> Try it
The listing below should be reproduced exactly, with the pictures omitted.

Segment Start: Supplied data

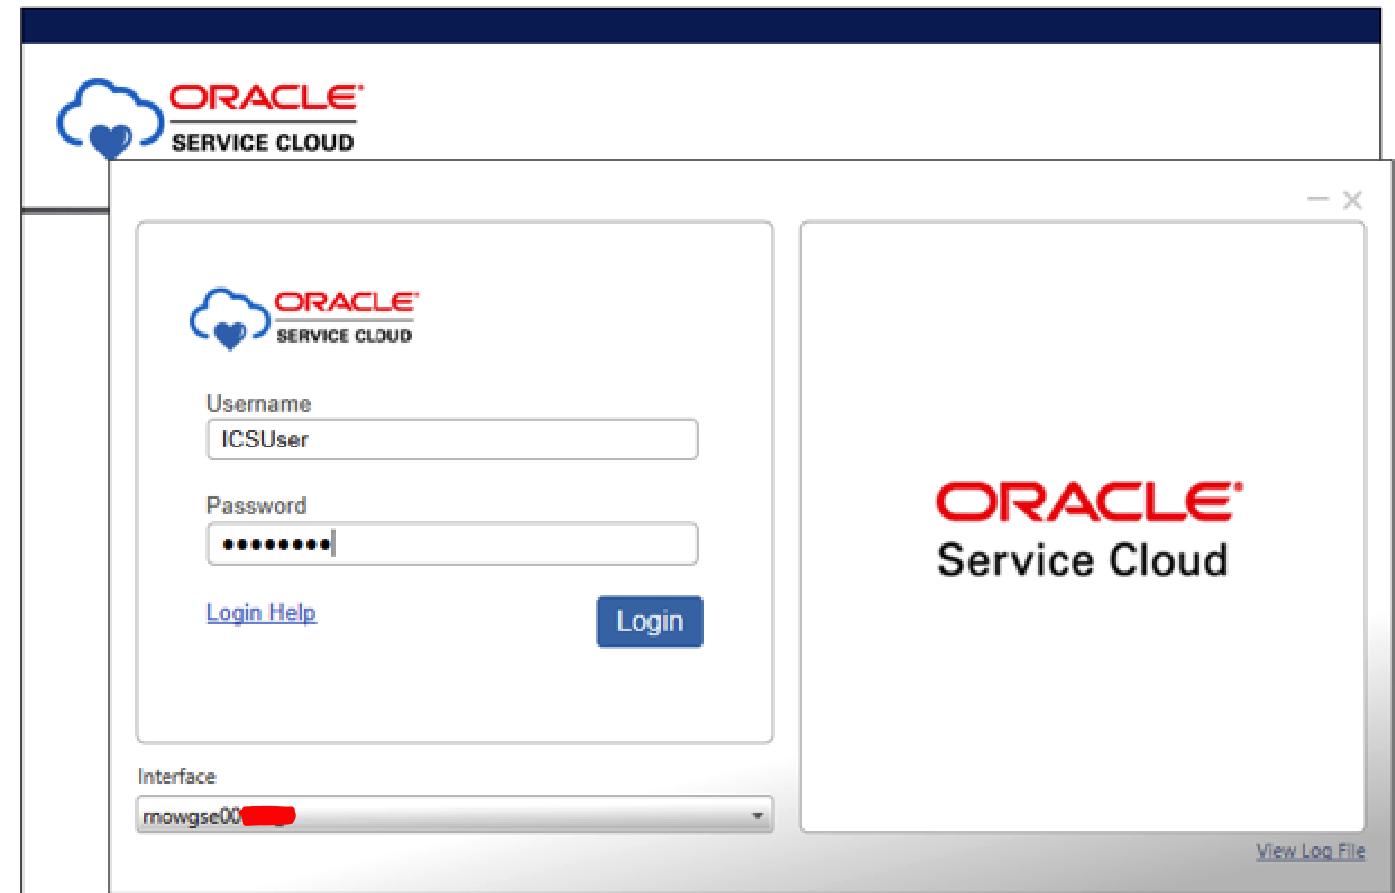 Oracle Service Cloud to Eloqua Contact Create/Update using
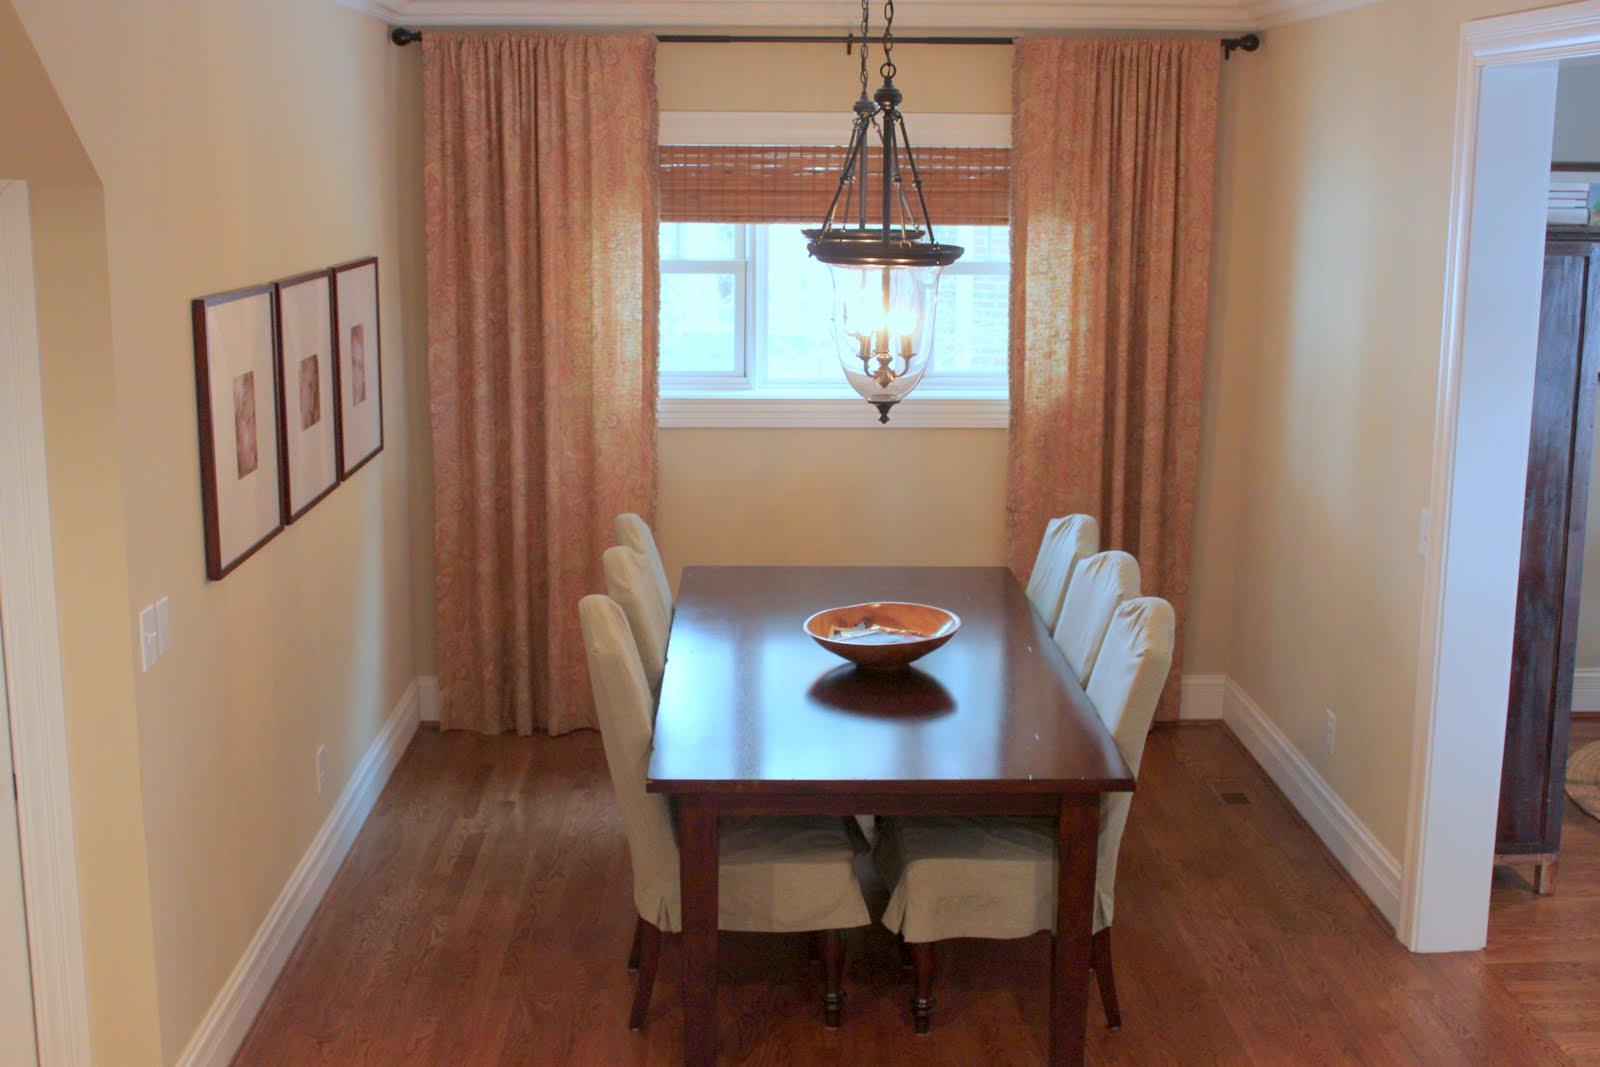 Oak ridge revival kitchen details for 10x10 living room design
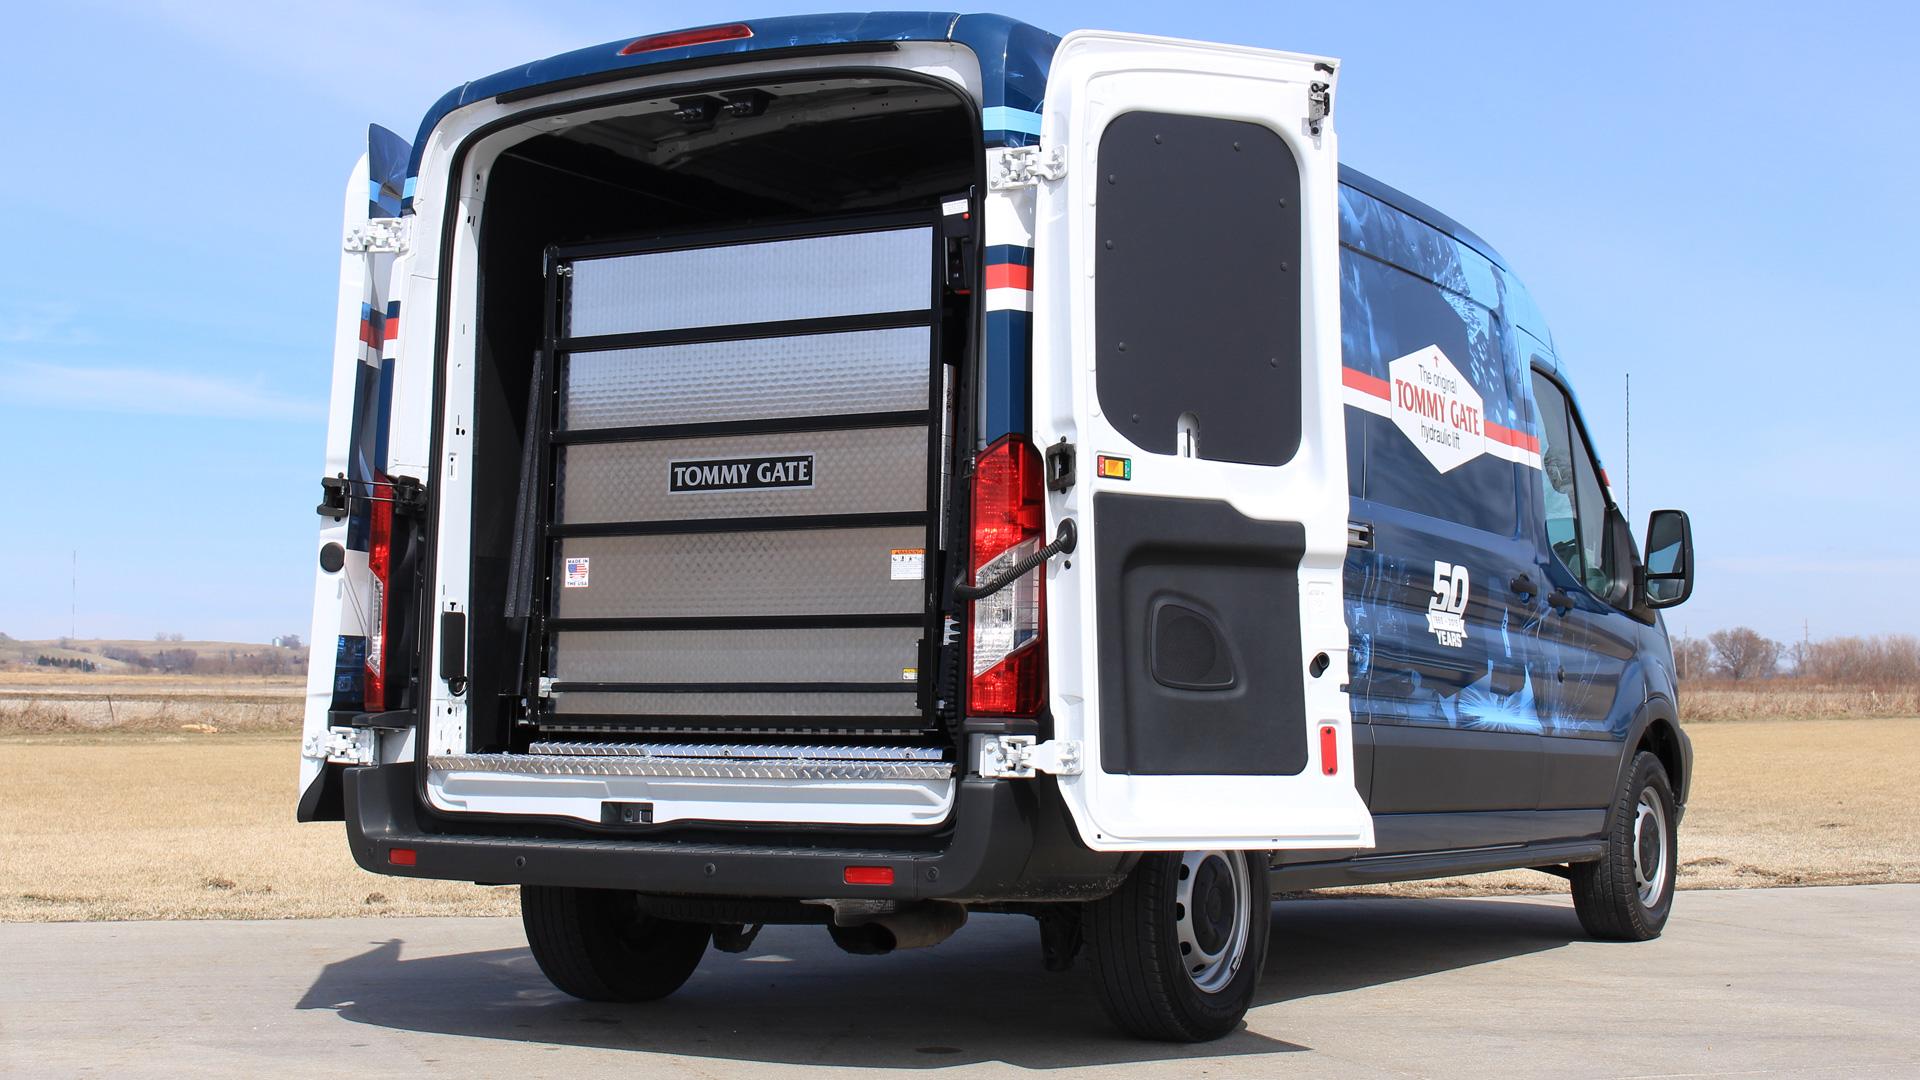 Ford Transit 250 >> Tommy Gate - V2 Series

Segment End: Supplied data

> Solution
 Oracle Service Cloud to Eloqua Contact Create/Update using
 Oak ridge revival kitchen details for 10x10 living room design
 Ford Transit 250 >> Tommy Gate - V2 Series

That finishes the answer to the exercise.